Source material:

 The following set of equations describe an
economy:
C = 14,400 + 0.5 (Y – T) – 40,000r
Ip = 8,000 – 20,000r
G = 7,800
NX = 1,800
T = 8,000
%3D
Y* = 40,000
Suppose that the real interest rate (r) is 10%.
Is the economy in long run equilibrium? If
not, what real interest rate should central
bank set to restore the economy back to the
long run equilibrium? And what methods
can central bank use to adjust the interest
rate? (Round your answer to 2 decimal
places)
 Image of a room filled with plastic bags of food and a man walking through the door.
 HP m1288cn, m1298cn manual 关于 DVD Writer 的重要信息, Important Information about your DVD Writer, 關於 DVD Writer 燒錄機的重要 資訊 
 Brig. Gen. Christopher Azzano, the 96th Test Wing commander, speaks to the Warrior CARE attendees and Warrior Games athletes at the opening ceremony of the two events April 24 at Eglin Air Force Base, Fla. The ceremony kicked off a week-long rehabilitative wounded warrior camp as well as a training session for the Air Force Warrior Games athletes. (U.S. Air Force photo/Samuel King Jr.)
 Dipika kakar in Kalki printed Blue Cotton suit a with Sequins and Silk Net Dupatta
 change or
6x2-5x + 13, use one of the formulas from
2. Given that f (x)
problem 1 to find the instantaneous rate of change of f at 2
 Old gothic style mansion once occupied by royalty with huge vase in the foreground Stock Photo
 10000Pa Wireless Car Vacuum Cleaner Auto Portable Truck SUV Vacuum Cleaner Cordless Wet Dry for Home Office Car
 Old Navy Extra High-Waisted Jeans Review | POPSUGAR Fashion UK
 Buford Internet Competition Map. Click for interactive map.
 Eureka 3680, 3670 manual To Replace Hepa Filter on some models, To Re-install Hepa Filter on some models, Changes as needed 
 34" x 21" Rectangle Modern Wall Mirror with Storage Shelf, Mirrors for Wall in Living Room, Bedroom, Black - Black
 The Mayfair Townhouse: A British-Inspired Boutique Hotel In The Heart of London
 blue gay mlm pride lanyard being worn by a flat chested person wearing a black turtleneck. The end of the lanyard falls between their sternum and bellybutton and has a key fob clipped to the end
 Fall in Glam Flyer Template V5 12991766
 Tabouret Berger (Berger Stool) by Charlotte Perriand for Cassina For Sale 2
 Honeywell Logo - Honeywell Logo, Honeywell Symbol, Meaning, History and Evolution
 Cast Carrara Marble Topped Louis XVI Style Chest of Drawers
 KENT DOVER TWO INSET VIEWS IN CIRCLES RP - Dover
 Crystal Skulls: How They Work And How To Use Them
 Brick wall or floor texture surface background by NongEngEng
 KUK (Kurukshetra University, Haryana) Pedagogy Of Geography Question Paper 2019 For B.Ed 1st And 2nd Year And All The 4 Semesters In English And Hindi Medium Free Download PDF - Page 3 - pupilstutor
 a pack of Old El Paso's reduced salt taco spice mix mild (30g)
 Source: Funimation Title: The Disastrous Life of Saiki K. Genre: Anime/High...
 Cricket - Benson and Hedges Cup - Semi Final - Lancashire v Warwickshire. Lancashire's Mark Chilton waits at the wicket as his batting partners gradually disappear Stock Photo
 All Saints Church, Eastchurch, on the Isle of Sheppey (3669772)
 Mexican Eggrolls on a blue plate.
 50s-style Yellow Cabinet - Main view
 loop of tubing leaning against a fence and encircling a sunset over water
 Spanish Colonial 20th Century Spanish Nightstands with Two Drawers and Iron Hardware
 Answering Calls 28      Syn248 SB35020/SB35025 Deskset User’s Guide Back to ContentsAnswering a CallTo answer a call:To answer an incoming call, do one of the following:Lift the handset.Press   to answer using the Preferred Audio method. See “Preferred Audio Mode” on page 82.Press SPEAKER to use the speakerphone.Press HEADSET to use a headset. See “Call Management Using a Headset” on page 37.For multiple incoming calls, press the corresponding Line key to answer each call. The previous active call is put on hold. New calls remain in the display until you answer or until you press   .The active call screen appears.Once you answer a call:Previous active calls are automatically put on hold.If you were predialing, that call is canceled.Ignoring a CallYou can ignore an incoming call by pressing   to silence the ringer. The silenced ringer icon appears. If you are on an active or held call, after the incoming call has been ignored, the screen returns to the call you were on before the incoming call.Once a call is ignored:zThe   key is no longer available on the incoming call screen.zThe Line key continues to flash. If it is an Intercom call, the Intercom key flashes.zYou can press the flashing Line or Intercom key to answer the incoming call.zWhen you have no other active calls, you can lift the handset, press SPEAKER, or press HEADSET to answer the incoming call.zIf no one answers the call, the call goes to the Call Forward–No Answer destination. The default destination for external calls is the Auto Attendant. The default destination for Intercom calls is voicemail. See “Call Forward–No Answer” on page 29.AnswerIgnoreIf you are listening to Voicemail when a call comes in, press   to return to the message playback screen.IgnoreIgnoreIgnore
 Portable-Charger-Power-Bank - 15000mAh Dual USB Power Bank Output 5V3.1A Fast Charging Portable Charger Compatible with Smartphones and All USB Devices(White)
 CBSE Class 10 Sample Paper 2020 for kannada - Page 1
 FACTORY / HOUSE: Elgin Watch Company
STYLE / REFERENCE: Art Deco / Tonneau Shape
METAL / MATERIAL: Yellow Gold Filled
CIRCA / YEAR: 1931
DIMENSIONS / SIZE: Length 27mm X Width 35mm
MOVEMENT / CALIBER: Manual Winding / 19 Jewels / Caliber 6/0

Activity:
Go to the line in the material above that contains "Tabouret Berger (Berger" and copy exactly from there through the line that contains "Spanish Colonial 20th", stopping after it.

Answer to the exercise:
 Tabouret Berger (Berger Stool) by Charlotte Perriand for Cassina For Sale 2
 Honeywell Logo - Honeywell Logo, Honeywell Symbol, Meaning, History and Evolution
 Cast Carrara Marble Topped Louis XVI Style Chest of Drawers
 KENT DOVER TWO INSET VIEWS IN CIRCLES RP - Dover
 Crystal Skulls: How They Work And How To Use Them
 Brick wall or floor texture surface background by NongEngEng
 KUK (Kurukshetra University, Haryana) Pedagogy Of Geography Question Paper 2019 For B.Ed 1st And 2nd Year And All The 4 Semesters In English And Hindi Medium Free Download PDF - Page 3 - pupilstutor
 a pack of Old El Paso's reduced salt taco spice mix mild (30g)
 Source: Funimation Title: The Disastrous Life of Saiki K. Genre: Anime/High...
 Cricket - Benson and Hedges Cup - Semi Final - Lancashire v Warwickshire. Lancashire's Mark Chilton waits at the wicket as his batting partners gradually disappear Stock Photo
 All Saints Church, Eastchurch, on the Isle of Sheppey (3669772)
 Mexican Eggrolls on a blue plate.
 50s-style Yellow Cabinet - Main view
 loop of tubing leaning against a fence and encircling a sunset over water
 Spanish Colonial 20th Century Spanish Nightstands with Two Drawers and Iron Hardware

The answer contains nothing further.